十月革命の成功によるソビエト連邦の成立により、ウラジミール・レーニンによる革命的な党の組織論などをマルクス主義に統合した「レーニン主義」が影響力を高め、後に『マルクス・レーニン主義』として定式化されました。さらにレフ・トロツキーによる『トロツキズム』、毛沢東による当時の中国の状況に適合させた『毛沢東主義』など、マルクス主義は革命の起こった国の指導者の考えや国情により、多数の思想、理論、運動、体制となって世界各地に広がりました。
しかし、1991年12月25日にソビエト連邦大統領ミハイル・ゴルバチョフが辞任し、これをうけて連邦構成共和国が主権国家として独立したことに伴い、ソビエト連邦が解体されました。その崩壊以降は「正統派マルクス主義」の影響は大きく後退したのが現実であります。ここまで『共産党宣言』のさわりの部分を書きましたが、レーニンとスターリンの革命は、周知のとおり、非情と残酷を極めました。1956年当時のフルフチョフ第1書記の『スターリン批判』はあまりにも有名です。
さて、人間はすべての者が、その者が寄って立つ国家、民族、職業、立場といった属性があります。民主主義国家においては、どのような属性に立つかは個人の自由です。選択の自由があるのです。同時にそれぞれの価値観もありますが、価値観の選択の自由もあります。さらに自らの幸せを求める為の手段を選択する自由があります。
公序良俗の原則に反しない限りは、行動の自由があり、自らの思想・主義・意識の選択も自由です。
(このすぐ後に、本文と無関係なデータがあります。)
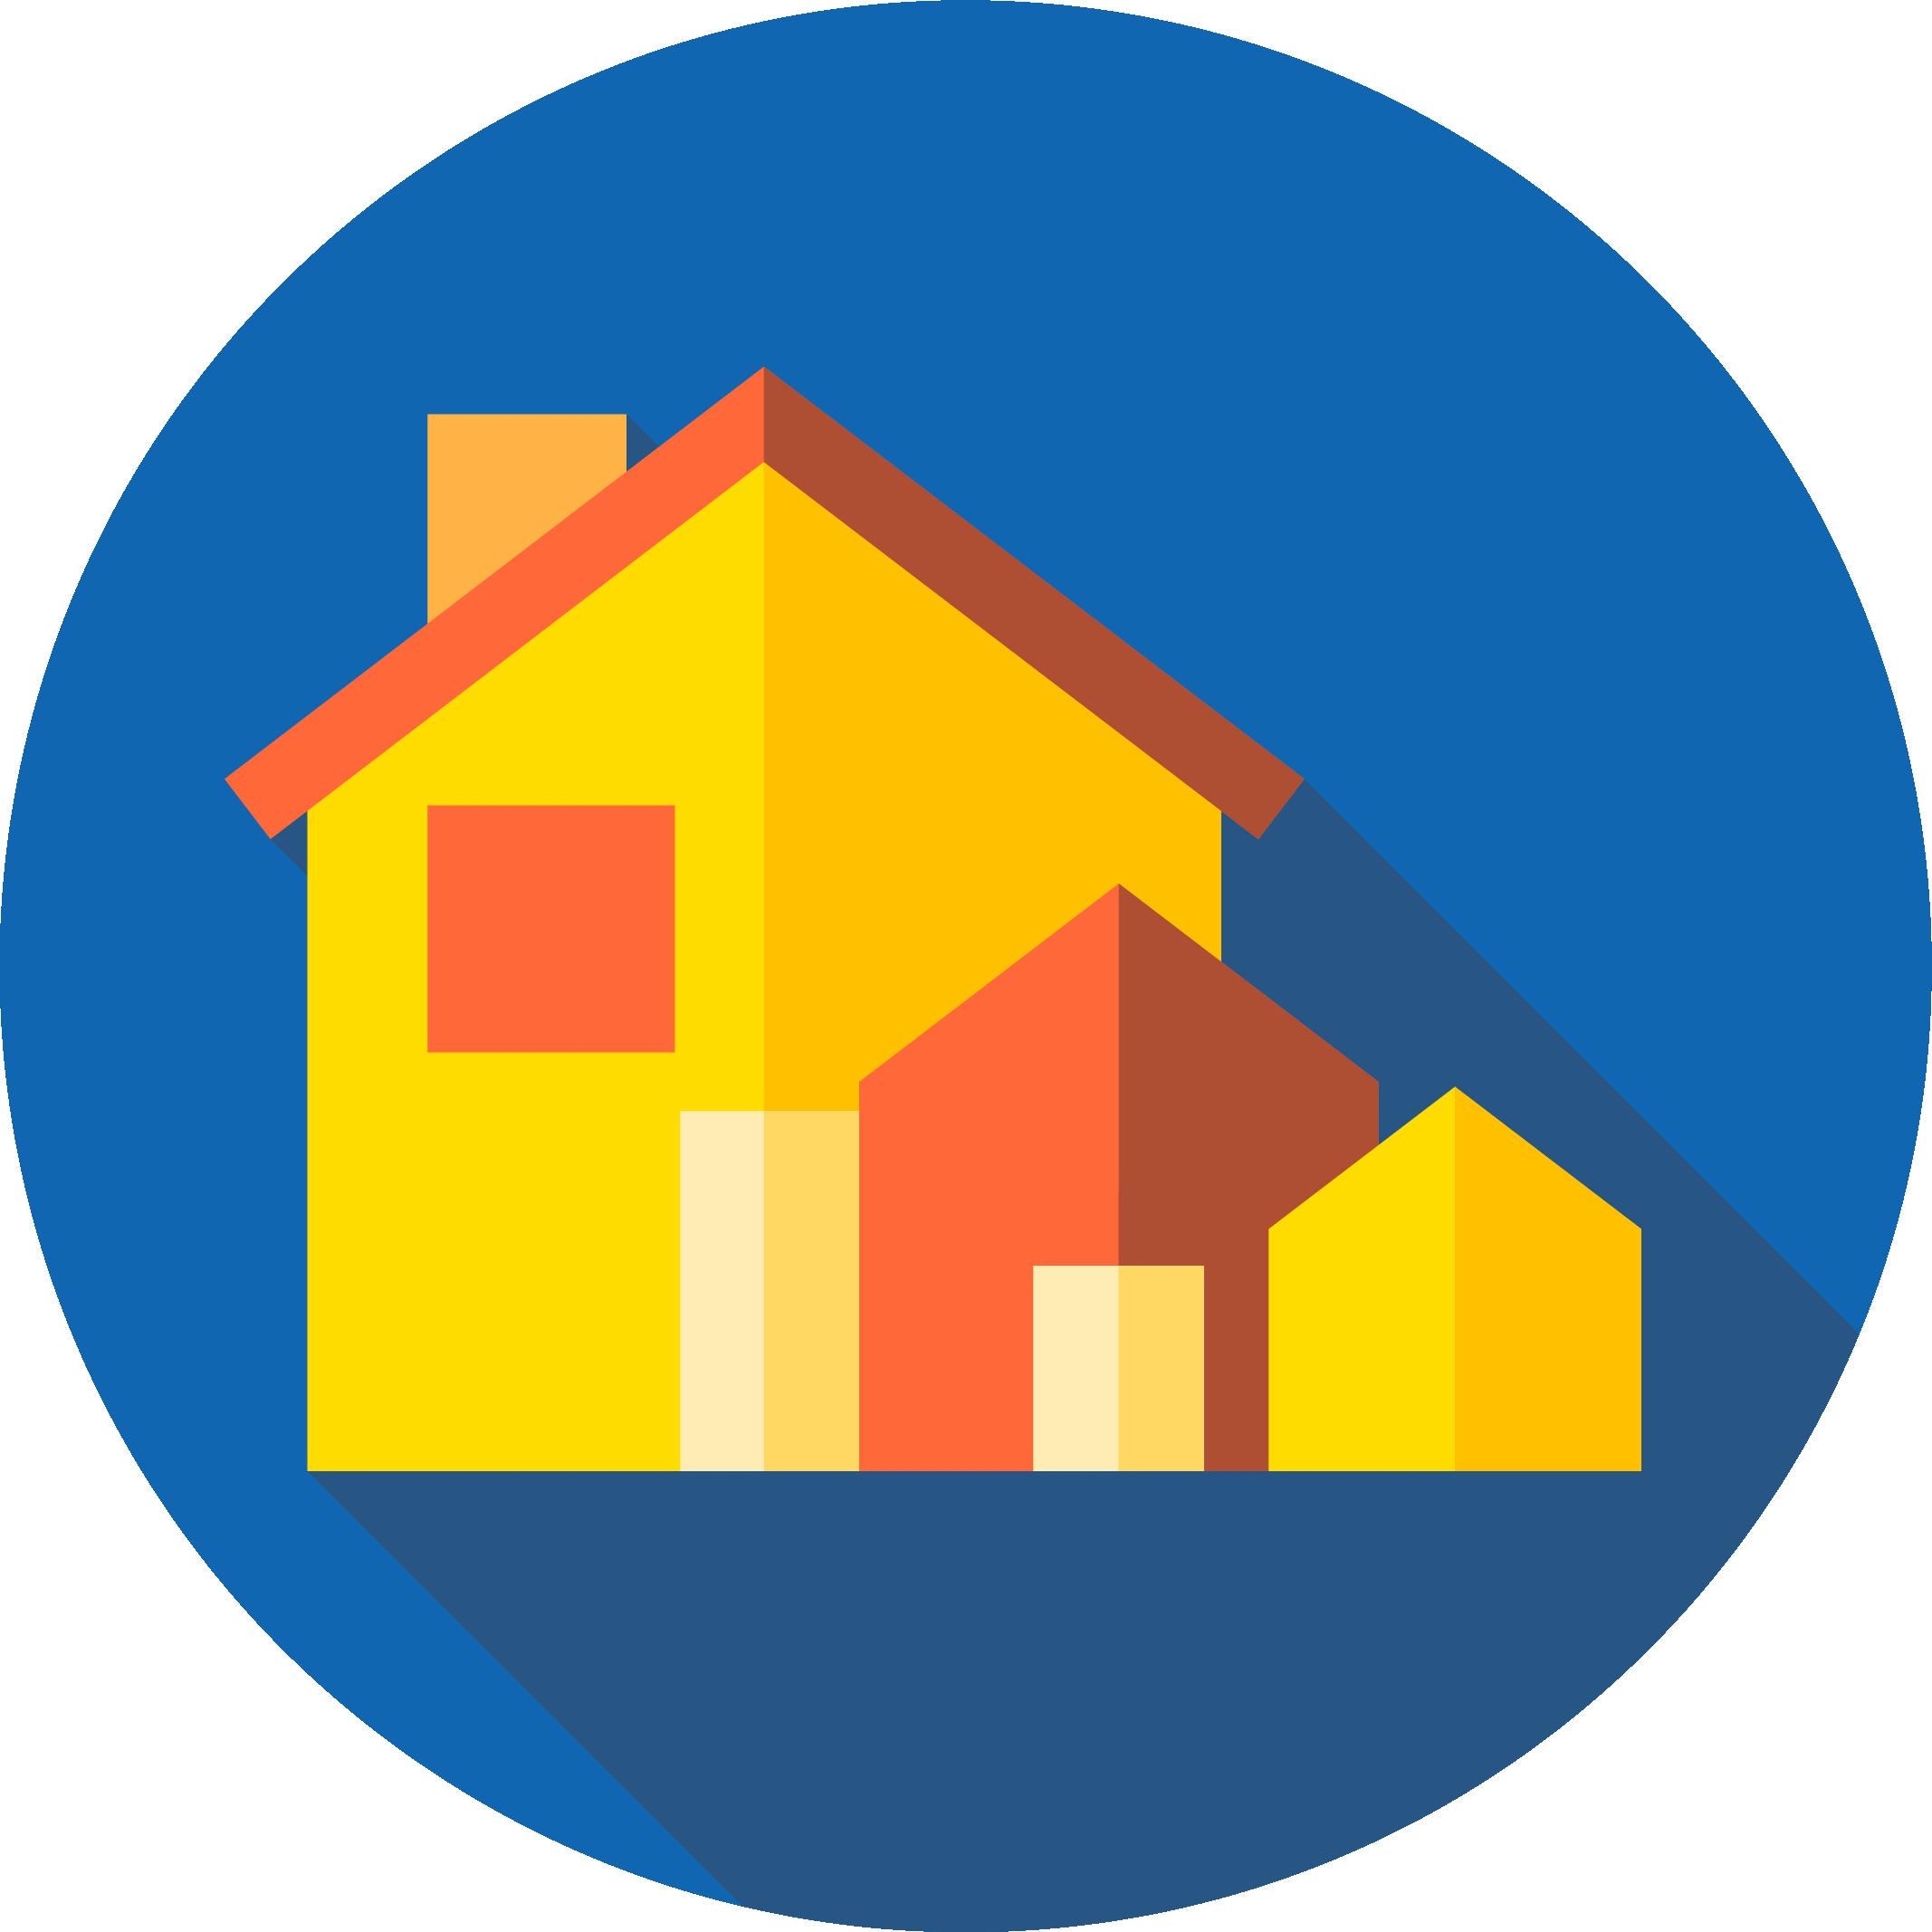 EDJ Company - Rekonstrukce bytových a rodinných domů

ヤマト民族の伝統と文化を守り継承するための『宣言』、それはもしかしたら『教育勅語』の中に沈殿する真理にあるのではないでしょうか。
柴田先生は死生観をポジティブに変えることで、革命をなそうとしているのです。マルクスと違って、この革命には暴力は要りません。ただ、人間にとって一番大切な魂を引き継ぐという作業をやるために、淡々と死生観を見つめていこうというものなのです。もちろん、柴田先生が共産主義者であるということはありませんが、既存の社会の在り方を根本的に変えようとしているということは十分に現代の革命と言ってもいいと思うのです。
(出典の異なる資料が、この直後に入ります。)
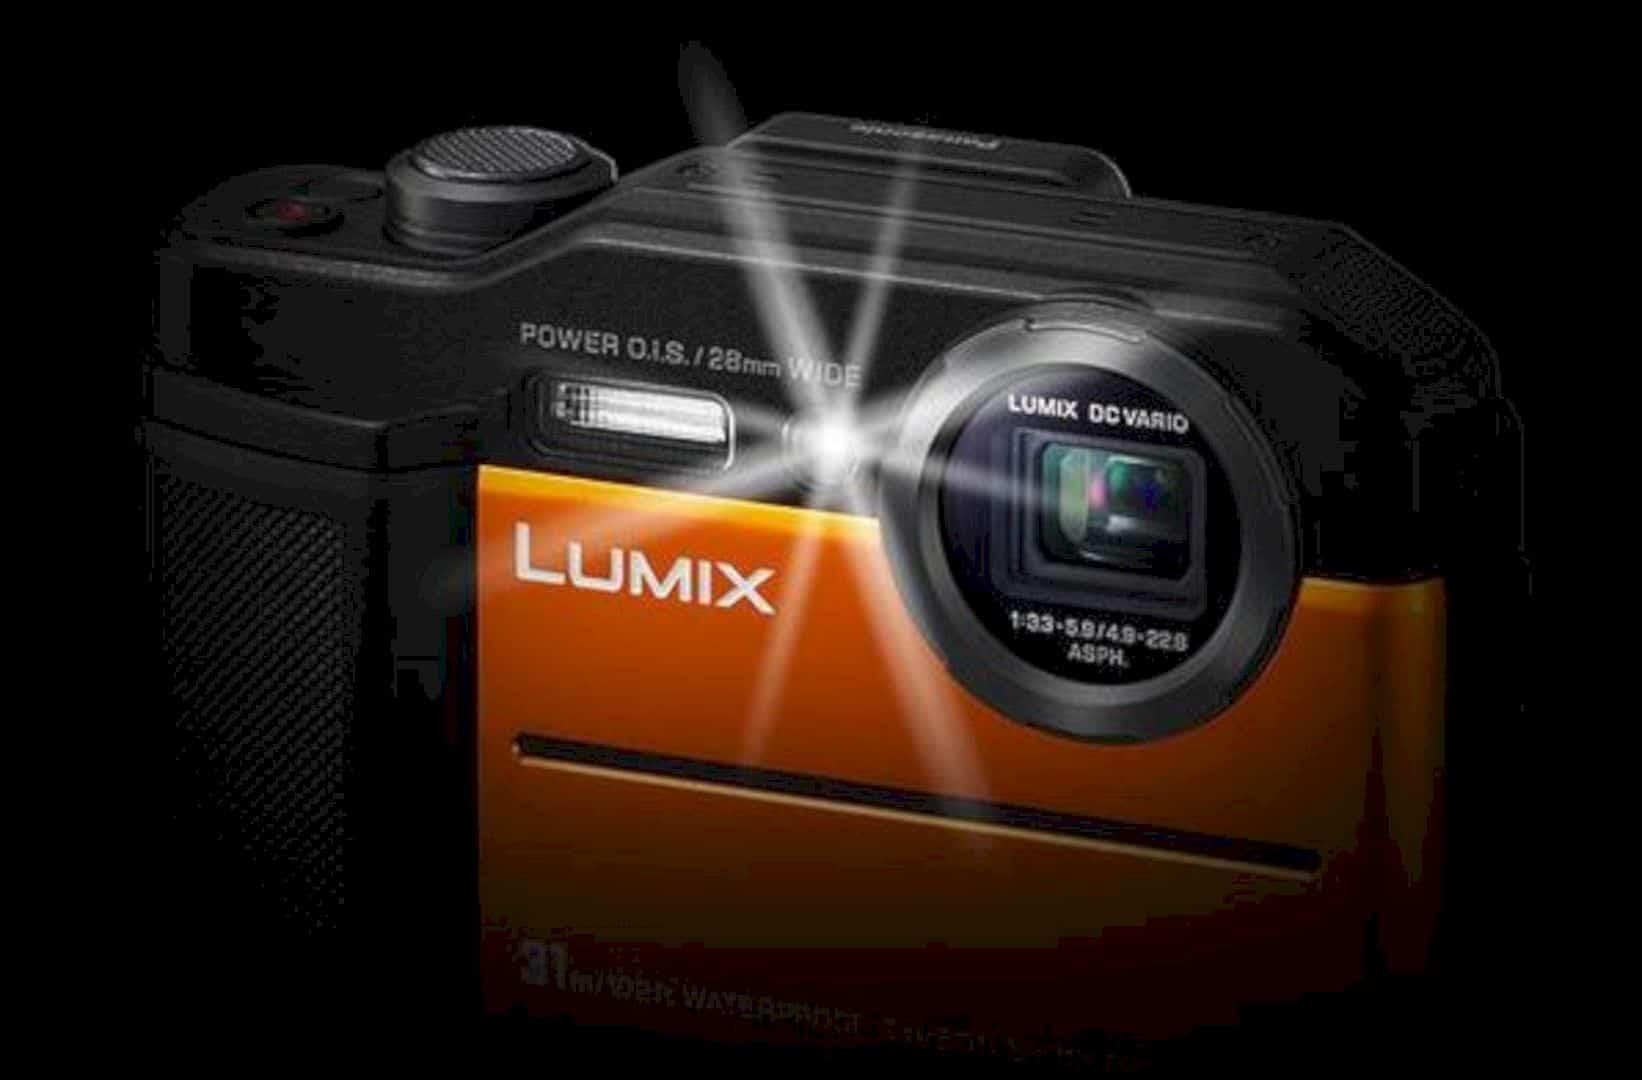 Panasonic LUMIX TS7 Waterproof Tough Camera 1

面白いのは赤塚高仁さんと柴田久美子先生が魂のレベルで親友であること。教育勅語も共産党宣言も融合していって、新しいミロクの世を共に作っていく時代になってきたようです。
11月1日(土)、2日(日)の舩井☆SAKIGAKEフォーラムでは私も登壇させていただきますが、人間の幸せの原点は自由であるということ、他者の存在を認め、それぞれの関わりを持ちながら、自分を磨き続けることの大切さについて、私なりの視点でお話させていただきたいと思います。
=以上=
2014.08.18:【いま 一番知らせたいこと 、言いたいこと】お寄せいただいた感想 (※舩井勝仁執筆)
2014.08.11:【いま 一番知らせたいこと 、言いたいこと】必要、必然、最善 (※舩井勝仁執筆)
2014.08.04:【いま 一番知らせたいこと 、言いたいこと】共産党宣言 (※舩井勝仁執筆)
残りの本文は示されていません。